EXERCISE DETAILS :: Ignoring every picture, transcribe the data in full as it stands.

DATASET SECTION ::

====

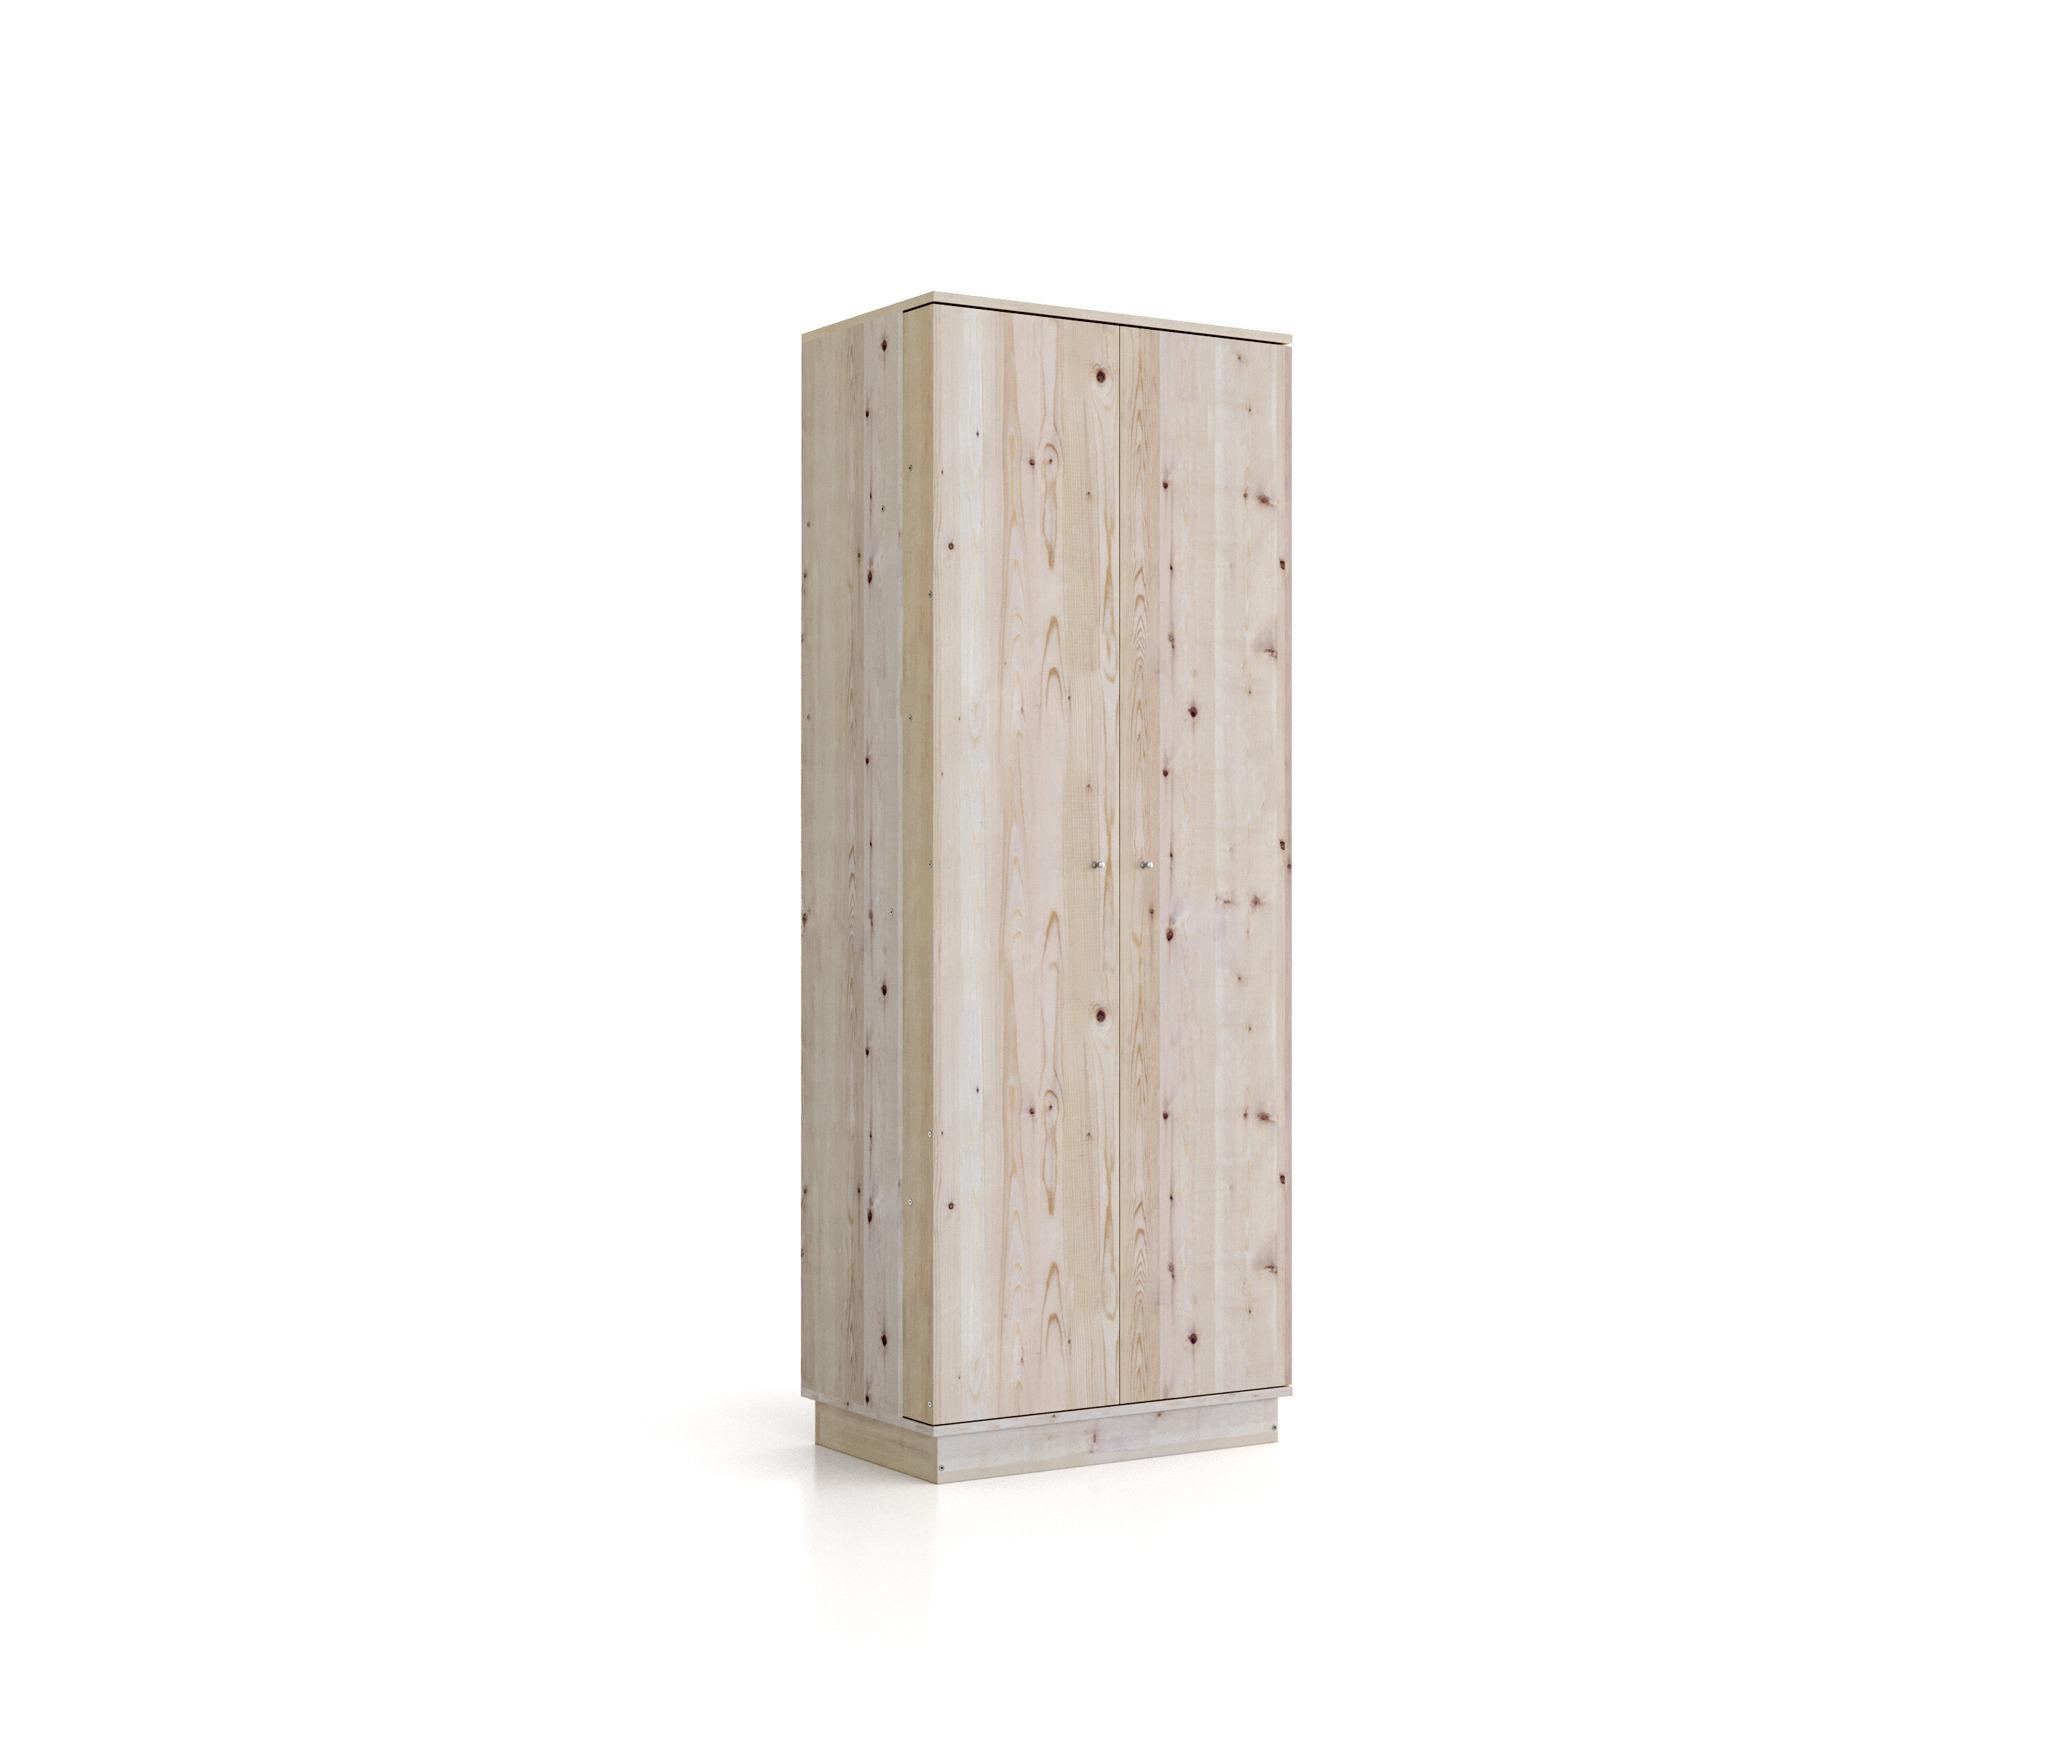 Кантри (Карелия) МС-28 шкаф для инвентаря соснаСопутствующие<br>Шкаф для инвентаря  Карелия    это не дорогая, но функциональная модель шкафа, которая позволит удобно хранить инвентарь и другие хозяйственно-бытовые принадлежности. В нижней части шкафа специально предусмотрено место для размещения хозяйственного инвентаря – ведра, швабры и т.д. Внутри шкафа предусмотрено три полки для хранения вещей. Помимо того, на дверцах располагаются специальные полочки для удобного и эргономичного размещения мелких бытовых предметов: на правой дверце - одна, а на левой - три. Кроме того, на дверце имеется специальное место, предназначенное для держания лопат, граблей.&#13;ВНИМАНИЕ! Перед началом эксплуатации вне помещений, необходимо обработать деревянные части мебели специализированными защитными составами!&#13;]]&gt;<br><br>Длина мм: 800<br>Высота мм: 2126<br>Глубина мм: 500
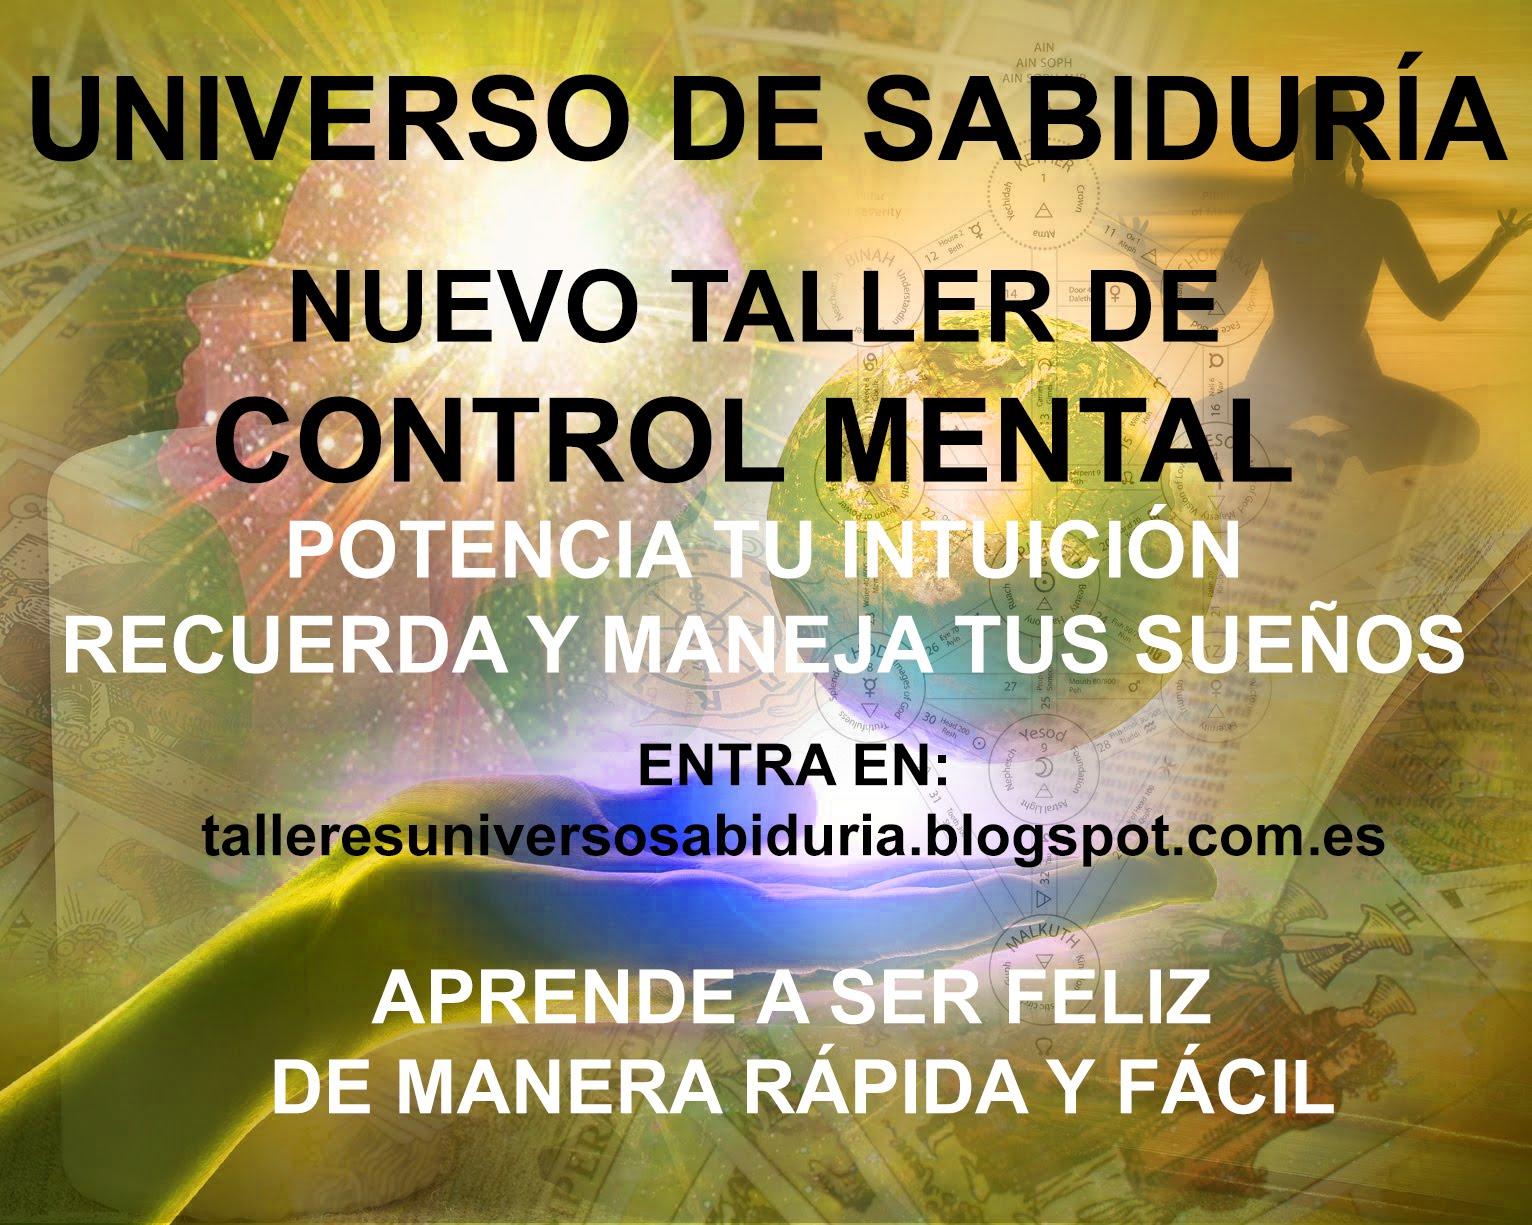 CURSOS Y TALLERES DE CONTROL MENTAL
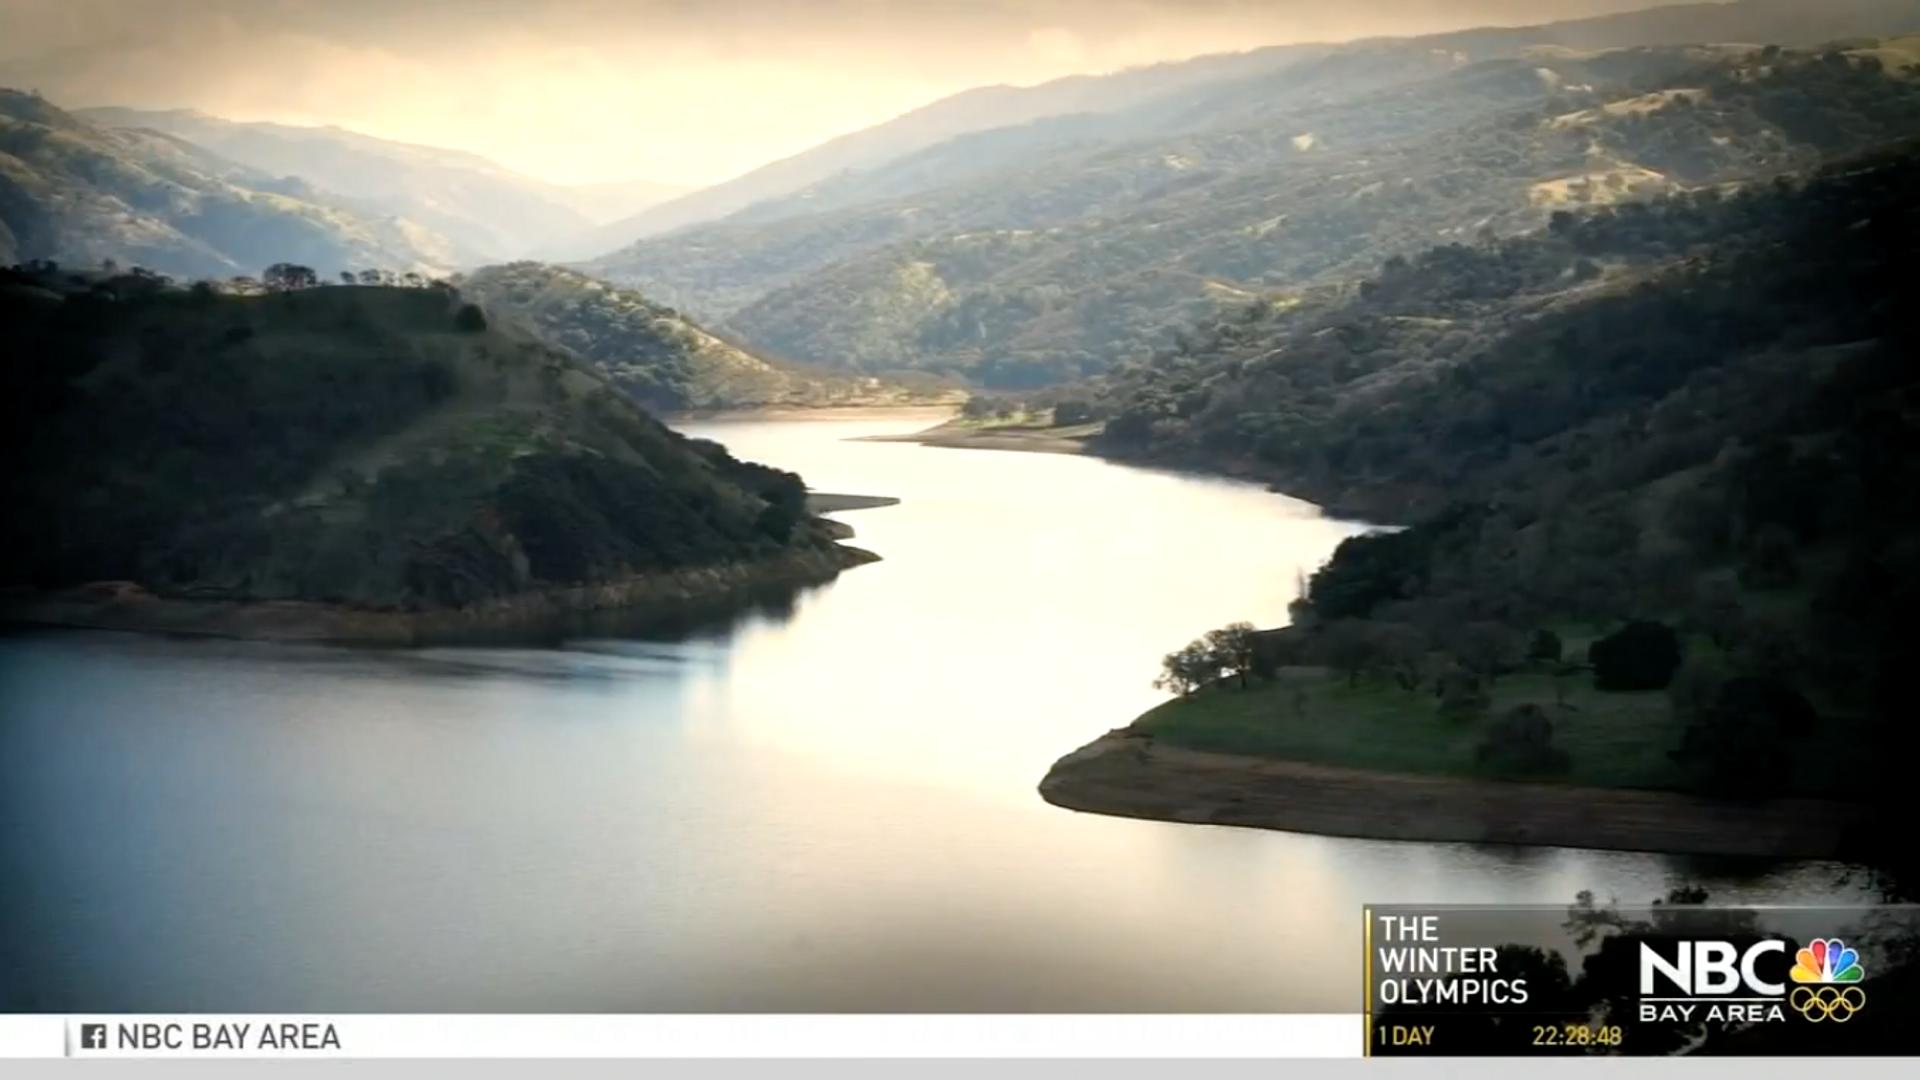 Seven Dams at Risk

====

YOUR RESPONSE ::
 Кантри (Карелия) МС-28 шкаф для инвентаря соснаСопутствующие<br>Шкаф для инвентаря  Карелия    это не дорогая, но функциональная модель шкафа, которая позволит удобно хранить инвентарь и другие хозяйственно-бытовые принадлежности. В нижней части шкафа специально предусмотрено место для размещения хозяйственного инвентаря – ведра, швабры и т.д. Внутри шкафа предусмотрено три полки для хранения вещей. Помимо того, на дверцах располагаются специальные полочки для удобного и эргономичного размещения мелких бытовых предметов: на правой дверце - одна, а на левой - три. Кроме того, на дверце имеется специальное место, предназначенное для держания лопат, граблей.&#13;ВНИМАНИЕ! Перед началом эксплуатации вне помещений, необходимо обработать деревянные части мебели специализированными защитными составами!&#13;]]&gt;<br><br>Длина мм: 800<br>Высота мм: 2126<br>Глубина мм: 500
 CURSOS Y TALLERES DE CONTROL MENTAL
 Seven Dams at Risk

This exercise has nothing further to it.